1. The problem this paper aims to tackle is indeed valuable. Many robot policies now use transformer backbones, and one concern is the lack of safety guarantees. An efficient solution to enforce task constraints is of utmost importance.
2. The proposed framework is easy to understand and appears flexible to different robot systems. Since it doesn’t require the system to be differentiable, the proposed framework can handle broader types of safety constraints and system dynamics.
1. The idea is a bit trivial, given that the “constrained decoding” idea for Transformers has already been discussed in [1], and the experimental findings are not significant (the filtering baseline also achieves relatively high performance).
2. The experiment section lacks essential baselines (consider gradient-based methods [2,3], “beam-search” methods and sampling-based approaches such as CEM or CMA-ES [4], since the authors assume the system dynamics are available).
3. The proposed framework appears to work only on a discrete action space.
4. This framework is hard to generalize to STLs other than invariance properties.

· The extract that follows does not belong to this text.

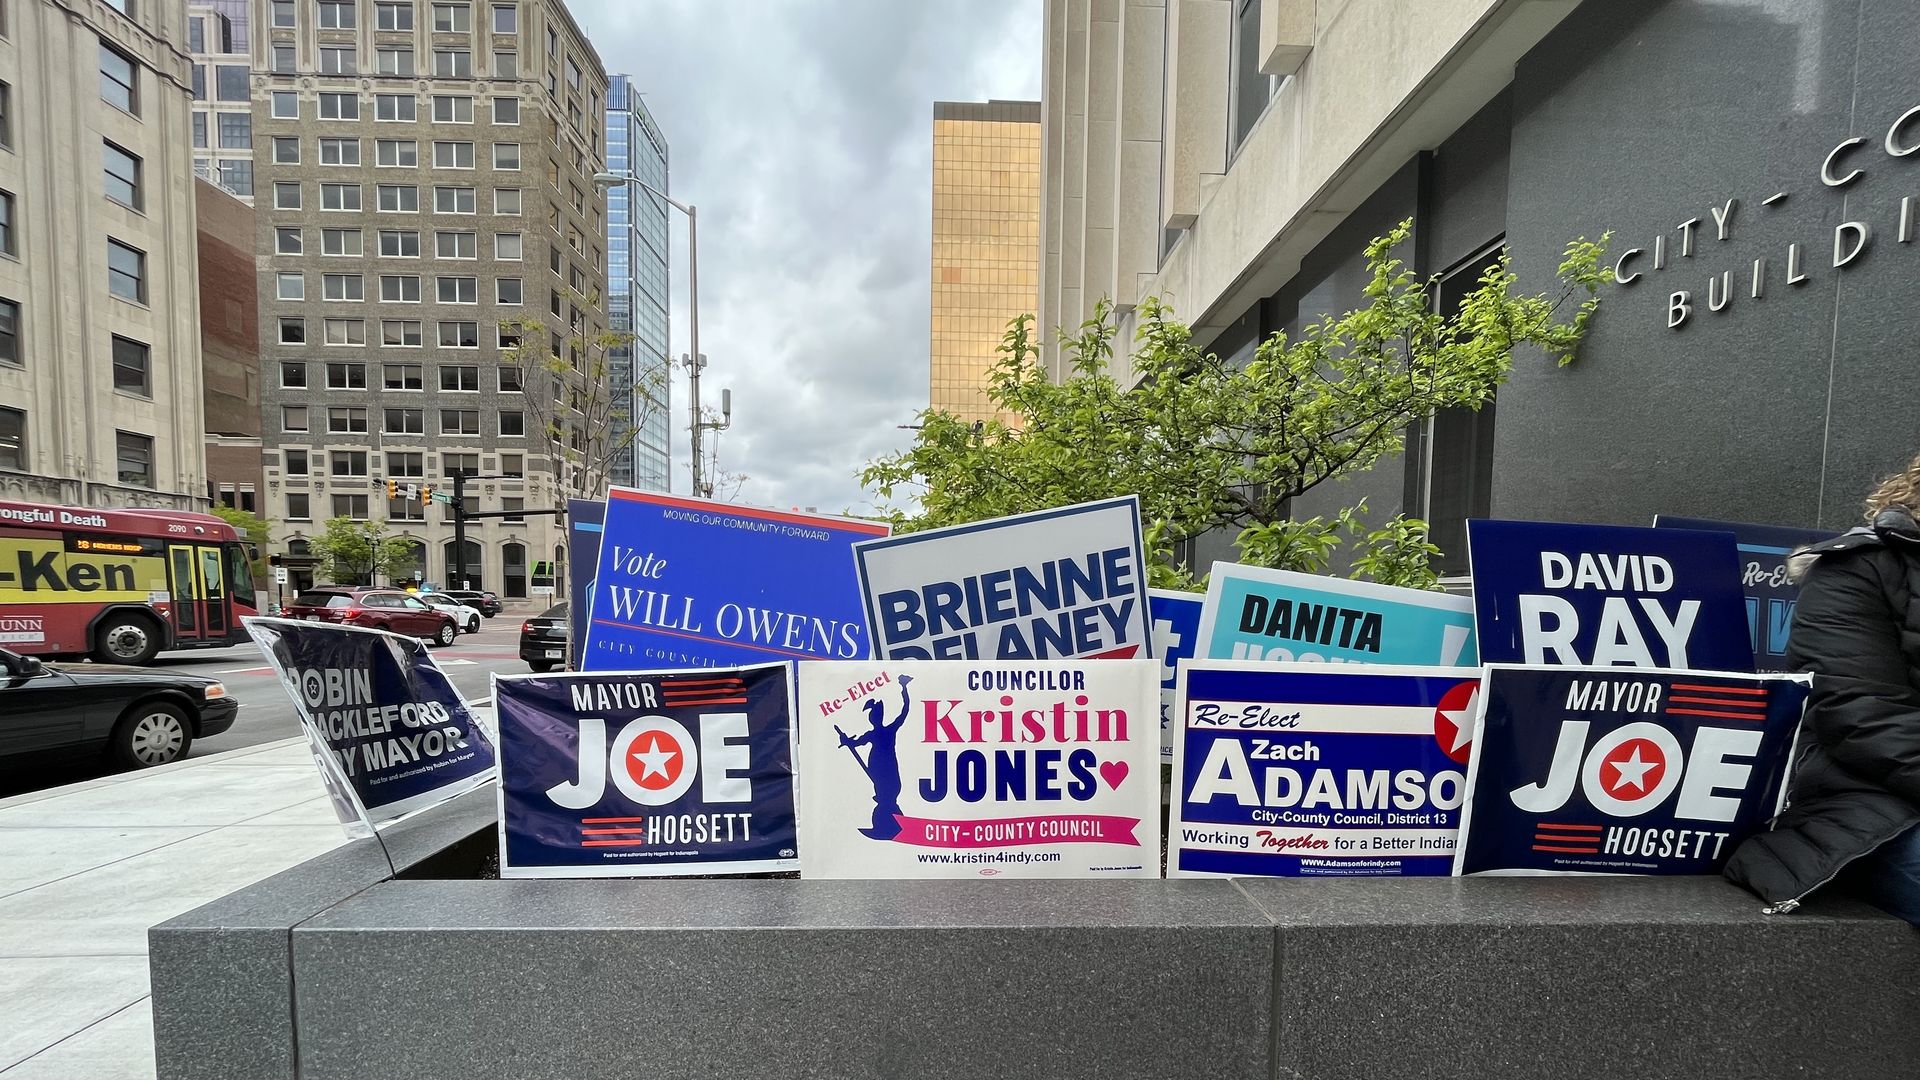 Yard signs stuffed in landscaping outside the City-County Building in downtown Indianapolis.

5. The writing quality needs to be improved (misuse of citation types in L033-035; invalid citation in L084-085 and L301-303; wrong superscripts for “t’” used in L633-636; improper format for robustness score computation in L249-250 and L253-254, as the robustness score is on trajectories, not on states; L228-229 it should be $\hat{a}_{t+k-1}^{(i)}$) Some implementation details are missing (planning horizon T; the computation time, etc.)
References:
1. Willard, Brandon T., and Rémi Louf. "Efficient guided generation for large language models." arXiv preprint arXiv:2307.09702 (2023).
2. Leung, Karen, and Marco Pavone. "Semi-supervised trajectory-feedback controller synthesis for signal temporal logic specifications." 2022 American Control Conference (ACC). IEEE, 2022.
3. Zhong, Ziyuan, et al. "Guided conditional diffusion for controllable traffic simulation." arXiv preprint arXiv:2210.17366 (2022).
4. Kapoor, Parv, Anand Balakrishnan, and Jyotirmoy V. Deshmukh. "Model-based reinforcement learning from signal temporal logic specifications." arXiv preprint arXiv:2011.04950 (2020).
1. I got confused for HCD introduced in L222-238. What is the k here, is it a hyperparameter defined for "look-ahead steps", or is it an index enumerated from 1 to T-t progressively? How do you get $x_{t+k-1}$ when you try to get $\hat{x}\_{t+k}$, I assume you only have $x_0,...x_t$ when you say "t is the current decision step"? Is the whole HCD process like, first from $x_t$, find possible actions $\hat{a}\_t$ that lead to STL-violation based on $\hat{x}\_{t+1}$, and then make these $z_t=-\inf$ so you never sample from them, and then sample from the rest buckets to get real $a_t$, and then use system dynamics to get $x_{t+1}$, then do the same thing to get real $a_{t+1}$ and then get $x_{t+2}$, ... till finding the final $x_{t+k}$? In this process, do you need to call the transformer forward pass multiple times? Do you need to update the transformer visual input? I guess the RCD procedure is somewhat similar. A pseudo-code algorithm or a simple example will be nice to illustrate the whole process.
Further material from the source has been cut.